— Вообще-то, я тебе сразу сказала, какая я офигительная и ценная находка.

— Каюсь, я забыл про это.

Он фыркнул, а потом снова нырнул, обдав меня пеной из ванны. Вскочив, я воскликнула:

— Ты балбес, Данила Беркутов! Нет, это же надо — самому на себя наговорить, чтобы выгородить сестру, которая не виновата! Я не понимаю, чем ты вообще думал в тот момент?! Мозгами или большим пальцем на ноге?

— Что? — его голова показалась над водой, Данила протер глаза и уставился на меня: — Ты что-то сказала? Тут, под водой, не слышно.

Я вздохнула. Ладно, черт с ним. Поговорим и об этом. Но позже. Сейчас мне очень хочется потрогать его кожу, намылить ему плечи, потереть спинку… И поцеловать по-настоящему.

Примерно через час мы смогли выбраться из ванной. Пообедав отлично утушившейся картошкой с фаршем, Данила решил, что отдых для слабаков, и мы поехали прямиком в больницу.

В машине я прижалась к нему, чтобы ни на миг не расставаться, и мой Беркут шепнул на ухо:

— Адвокат сказал, что мне очень повезло с женой.

— Он прав, — мурлыкнула я.

— Как ты догадалась, что это Тома?

— Все было просто — в завещании все видно. Кстати, ты знал, что у нее с твоим отцом есть сын?

Данила помрачнел:

— Нет, не знал. Папа скрыл ото всех. Не могу понять, почему.

— И я не могу. Что теперь будет с этим мальчиком… Отец умер, мать в тюрьме.

— У него есть родственники, не пропадет.

Я отстранилась, посмотрела на Данилу:

— А тебе не интересно? Ну, я не знаю: встретиться с ним, пообщаться… Нет?

— Почему мне должно быть интересно?

— Ну… Все же родная кровь.

Он усмехнулся:

— Родная кровь — это девчонки. Мы с ними выросли вместе, я помню, как их приносили из роддома, как по ночам они орали, пока были маленькие… А в венах пацана может и течет папина кровь, но он мне никто.

Пожав плечами, я отступилась. Его семья. Пусть сам решает, кто ему родной, а кто нет.

В больнице нас ждала отличная новость. Дежурный врач глянул в свои записи и объявил Даниле:

— А Беркутова очнулась. Если так и дальше пойдет сегодня переведем ее в палату.
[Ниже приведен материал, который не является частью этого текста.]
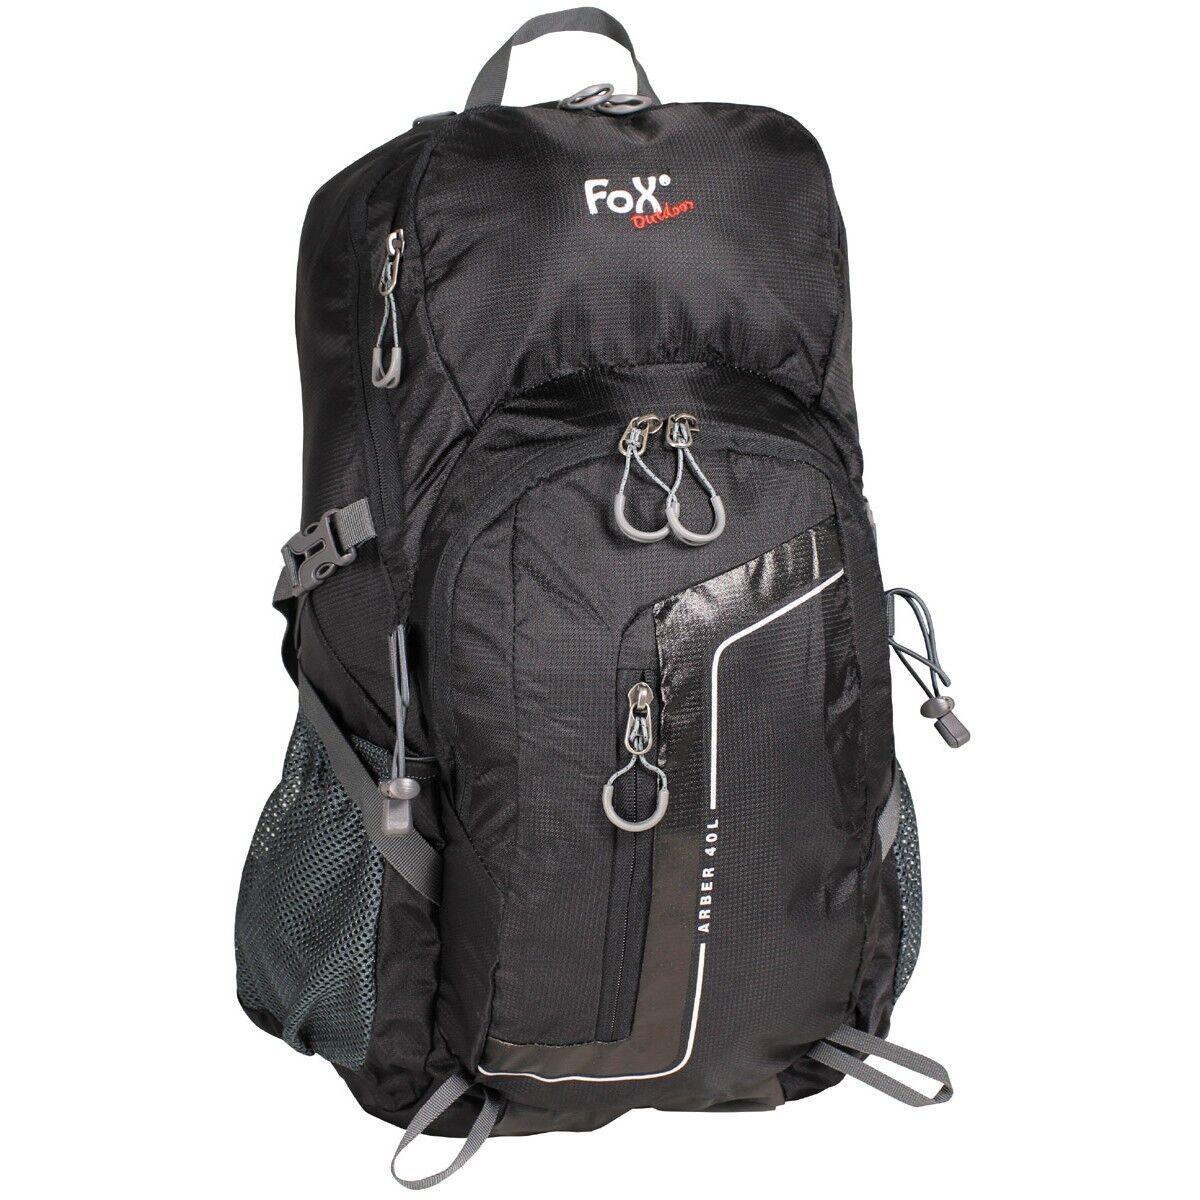 FOX Outdoor Zaino Borsa militare da Trekking leggero Backpack ARBER 40 30817A

— Можно нам к ней? — спросил Данила с явным волнением. Врач окинул нас рассеянным взглядом из-под очков и покачал головой:

— В реанимацию? Даже не просите!

— Пожалуйста, доктор, — мой муж полез в карман и вытащил бумажник. Врач нахмурился и уже готов был разразиться гневной тирадой, но я среагировала вовремя. Одной рукой отпихнула кошелек, другой взяла принципиального доктора за локоть:

— Пожалуйста, доктор, не сердитесь на моего мужа. Он весь на нервах, у него отца убили недавно… Пропустите меня к Дарье, мне очень нужно ее увидеть и подбодрить! Я вас уверяю, ей тоже это необходимо! Буквально пять минуточек, я буду тихой, как мышка!

Поупиравшись для порядка, врач все же махнул рукой:

— Ладно уж, подбодрите. Настроение больной очень важно для выздоровления. Вам выдадут халат и бахилы, сейчас… Таня! Проводите девушку к Беркутовой на пять минут.

Медсестра облачила меня не только в халат и бахилы, но и в шапочку, провела по коридору и впустила в палату на нескольких человек, где кровати были отделены одна от другой тонкими шторками.

— Там ваша Беркутова, идите, она проснулась, — напутствовала меня Таня, и я прошла в угол, где под байковым одеялом лежала Даша.

Увидев меня, золовка протянула непривычно тихим голосом, в котором слышалась радость:

— Ева! Как хорошо, что ты пришла… Я тут чуть не померла…

— Ничего, теперь все будет хорошо! — начала я с подбадривания. Потом спросила осторожно: — Ты помнишь, что произошло?

Даша мучительно покраснела и затеребила пальцами край одеяла. Прошептала:

— Помню. Только не говори им… Пожалуйста!

— Дашунь, ты о чем? — удивилась я. — Там Данила со мной пришел, хочешь — его тоже проведут?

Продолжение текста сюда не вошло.